Guardo oltre il vetro che mi separa dall’anticamera della sala di rianimazione.
Due settimane prima sono entrato nel reparto di terapia intensiva da don
Antonio Carbone, vittima di un incidente stradale. Pochi giorni prima è salito
al cielo. Tenevo Gianni aggiornato di ogni cambiamento, chiedendogli preghiere.
La sera precedente, in una liturgia comunitaria, ha pregato proprio per l’anima
di don Antonio Carbone. Vorrei passare quel vetro, attraversare i suoi amici di
tutta la vita, attraversare persino la sua famiglia e raggiungerlo al suo
letto. Vorrei, come ho fatto con don Antonio, infilargli un’immagine della
Madonna che Scioglie i Nodi, tanto cara a Papa Francesco, sotto il suo cuscino.
In mezzo a quei suoi amici, che si conoscono da tutta la vita, non sono
nessuno. Ho solo tanta gratitudine nel cuore, per delle parole. Solo per delle
parole, di ventidue anni fa. Tra me e quel letto c’è troppa gente. Amici di una
vita, professionisti, farmi strada li in mezzo è difficile. Stacco finalmente
il naso dal vetro. Guardo al cielo. Tu solo Signore sai bene con quanta
pochezza ho trattato il tuo annuncio. Mi trema il labbro se penso che ancora mi
rivolgo a te. Dopo tanti anni rimango uno spudorato. Volevo essere prete e missionario
per le parole che mi consegnò Gianni. Né la prima intenzione né la seconda mi è
riuscita di realizzare.

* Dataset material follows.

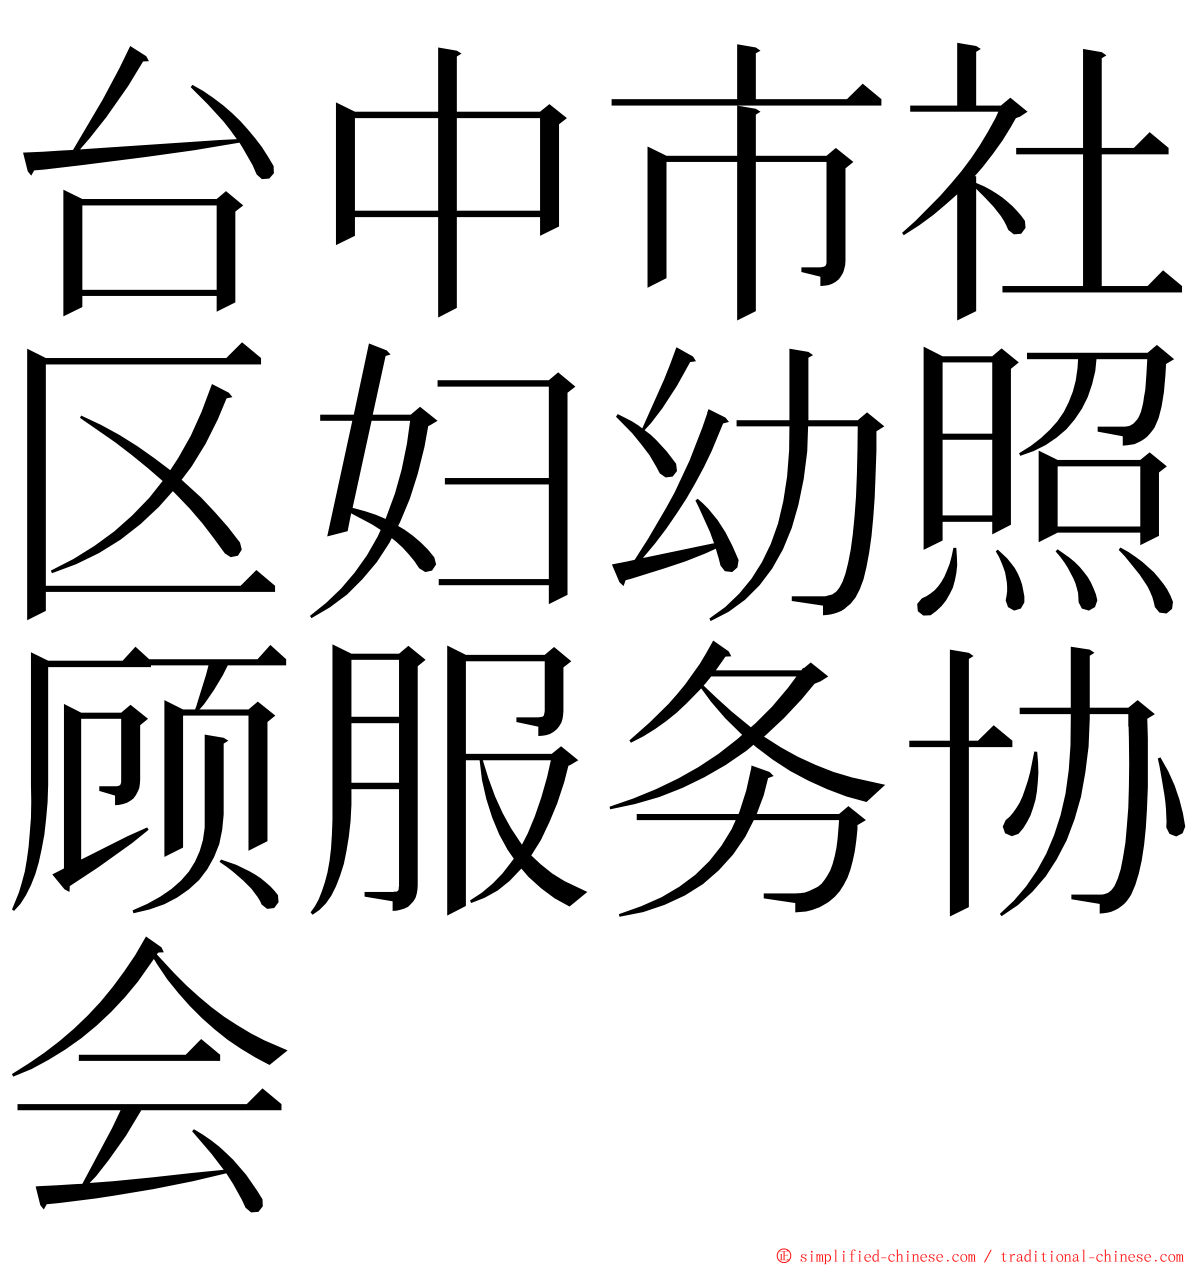 台中市社区妇幼照顾服务协会 ming font

Ho sbagliato, ne
pago le conseguenze. Ma su quelle parole ho indirizzato tutta la mia storia e
con esse morirò, in un modo o in un altro. Pertanto, per avermi guadagnato a
te, ti prego per Gianni De Angelis, che già con un nome così, hai stabilito per
lui un programma. Ti chiedo di abbracciare lui, la moglie Cristina, i suoi
figli, che ha messo al mondo per amore tuo. Ti prego dal profondo del cuore, e
Tu sai bene come sia capace di essere riconoscente. Nella sua vita avrà fatto
migliaia di elemosine, ma credo che nessuno dei beneficiati lo ricordi. Per
quelle parole, nemmeno sue, che mai avevo sentito prima, lo benedico dal
profondo del cuore. Accetta Signore mio, questa gratitudine come una preghiera.
Concedile di salire a te come incenso. Abbraccialo a te. Abbraccia a te la sua
famiglia. Abbracciali tutti Gesù, per aver fatto conoscere il tuo nome tra le
genti. Te lo chiedo con il cuore colmo di gratitudine. Sia per te incenso
profumato.
Ecco, se avessi un amico a cui scrivere, gli invierei questa
lettera. Allora Gesù, posso scriverla a te?